Artificial neural networks are actually like a complex calculator; you input something, and it gives you a result. Just like when you input 2+2 into a calculator, it outputs 4, but an artificial neural network can handle not just simple arithmetic; it can process more complex things like images, text, etc. So, when we say that an artificial neural network is a function approximator, we mean that it can simulate various complex computational processes, helping us get the desired output from the input.
If it’s a picture of a car, there must be a function that can take this picture and predict what type of car it is, just from the raw pixel values.
For traditional programming, if there is a piece of English text, there must be a function that can take this text and output the same text, but in Chinese.
If you have a question, there must be a function that can generate an answer.
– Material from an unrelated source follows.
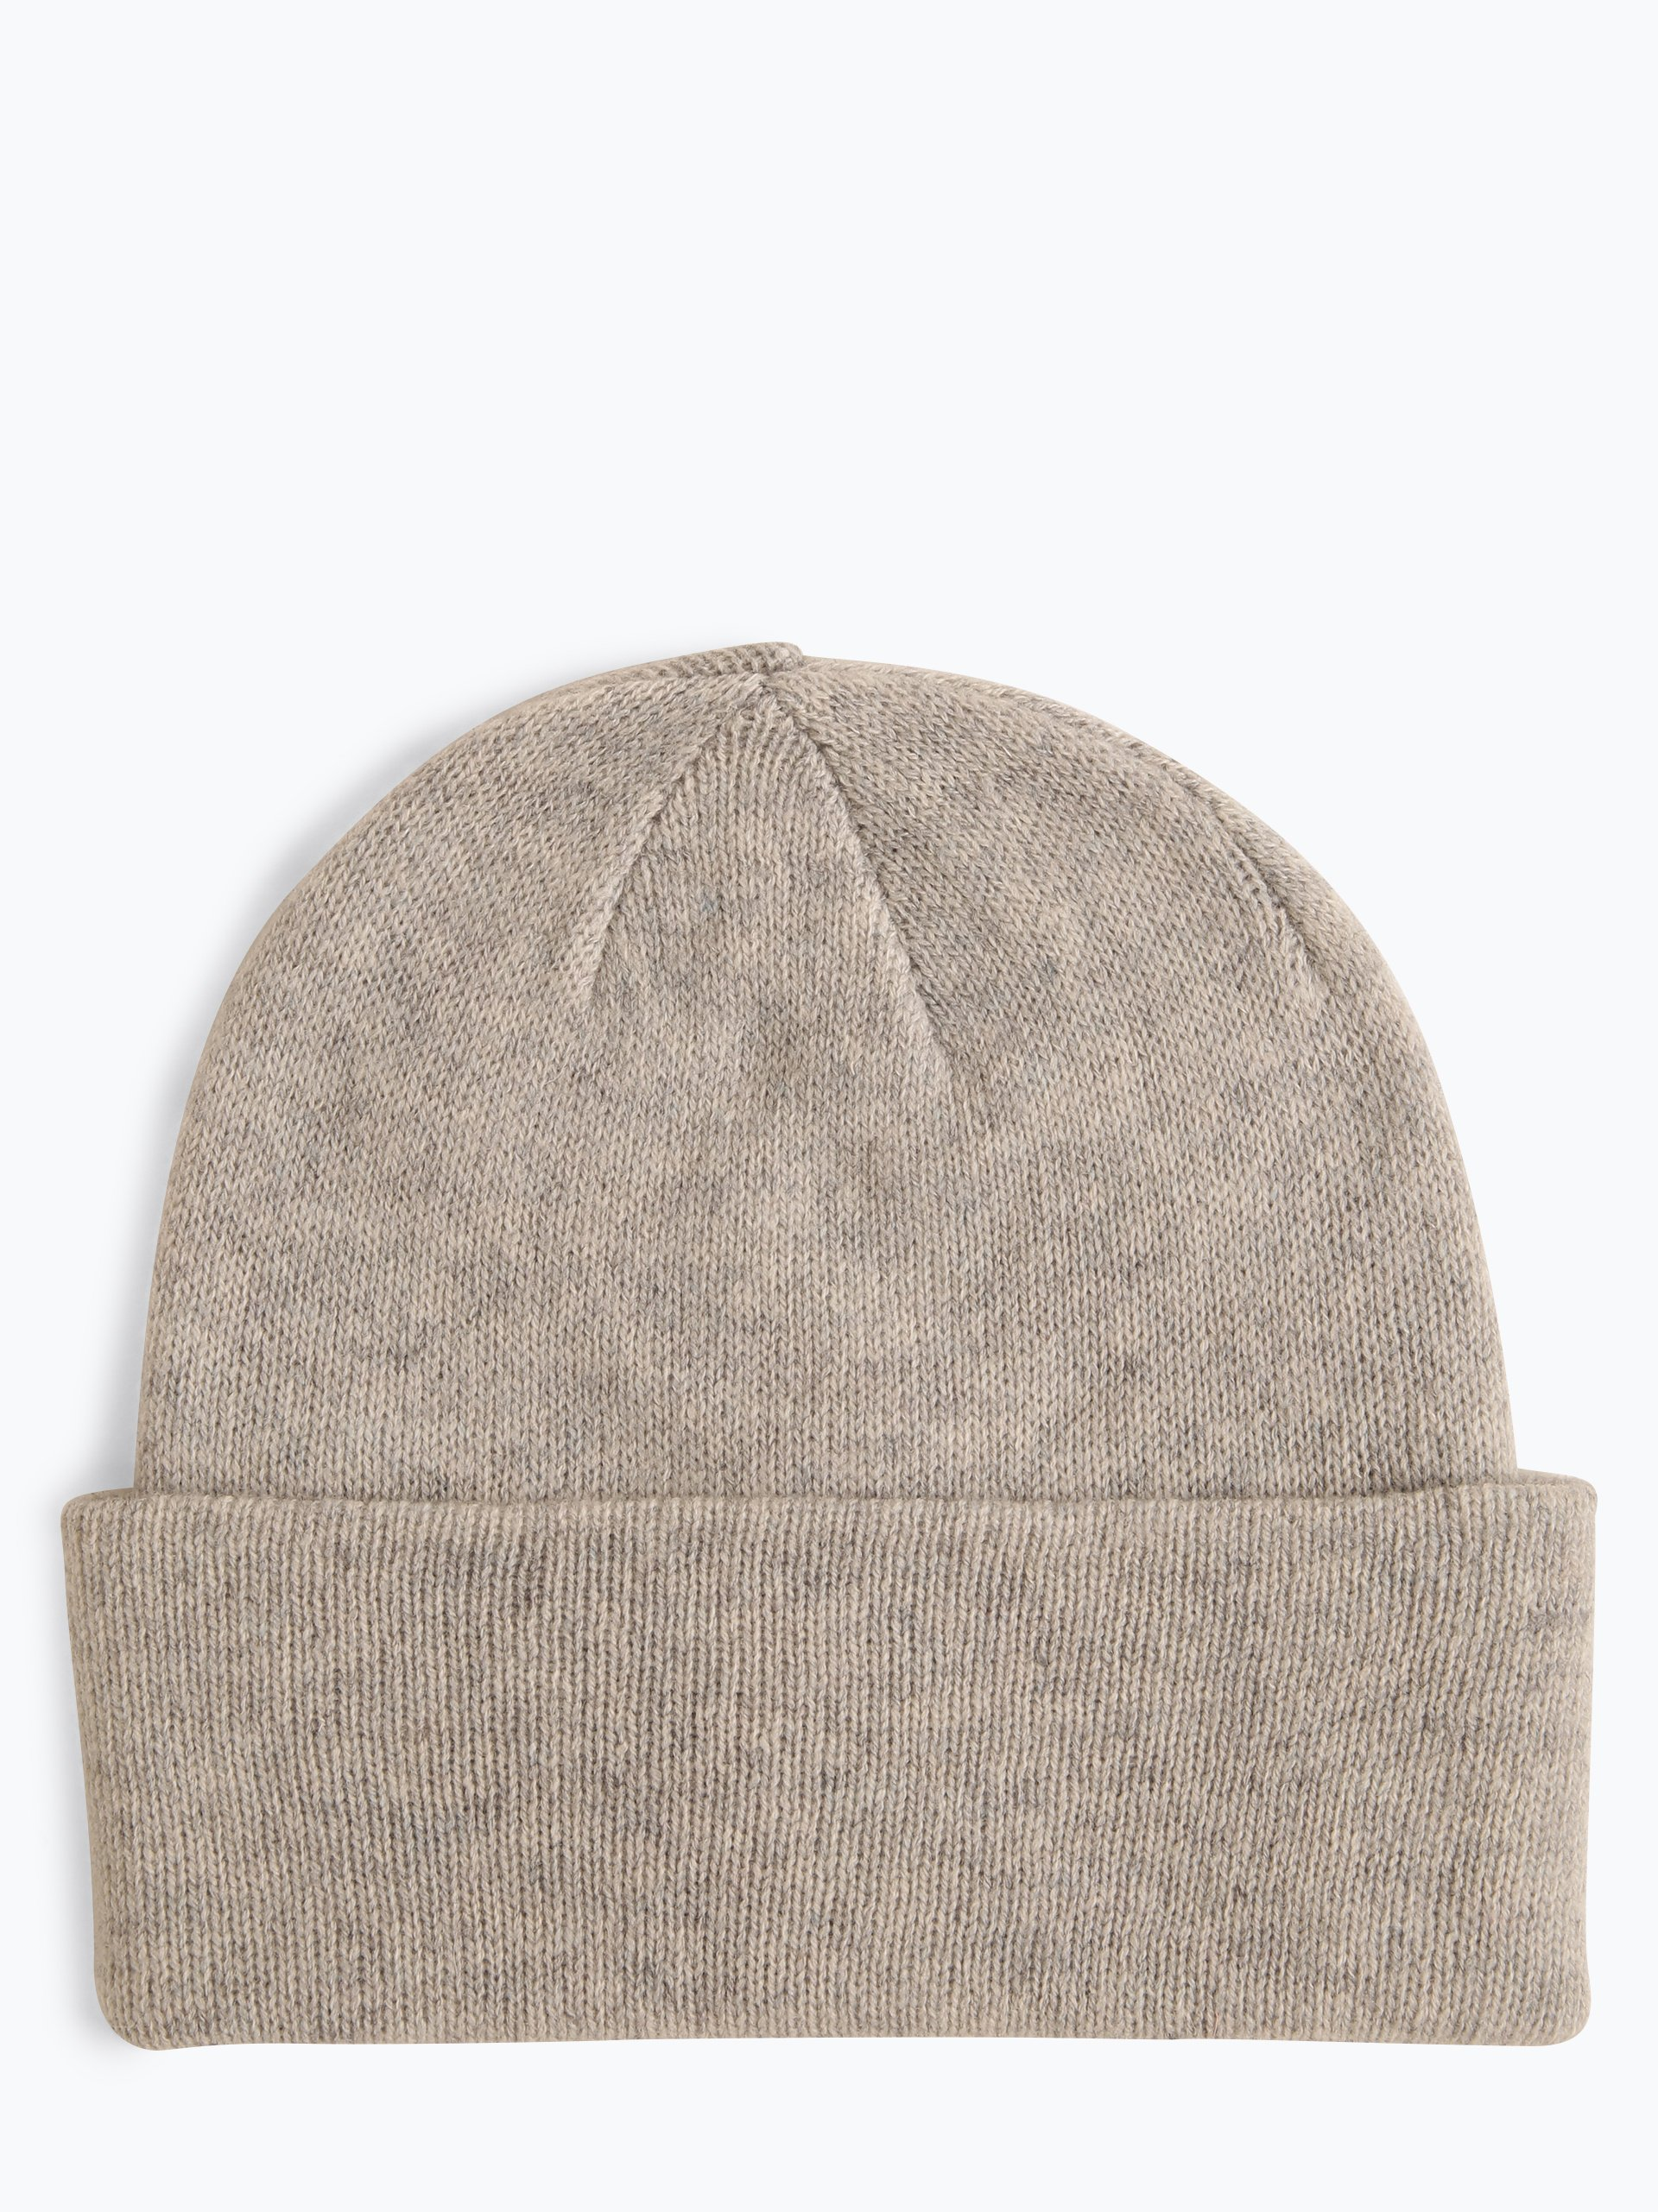 Opus Damen Mütze - Abada

But the problem is, in traditional programming, we have been writing functions that are very powerful, but what happens when the functions become so complex that we cannot explain them? For example, when you see this number,
You know it is 5, but if you had to write an algorithm that takes this image and says it is 5, suddenly it becomes extremely difficult.
The task is simple, but writing a function that takes an image of a handwritten digit and outputs which digit it is, is very difficult. So this is why we need machine learning. The idea here is simple: if you know there exists a function that can solve this problem, but we do not know what that function looks like, perhaps we can define a structure, an artificial neural network, that can learn this function, and to learn this function, it needs something to learn from, which means it needs data, like many different images of handwritten digits.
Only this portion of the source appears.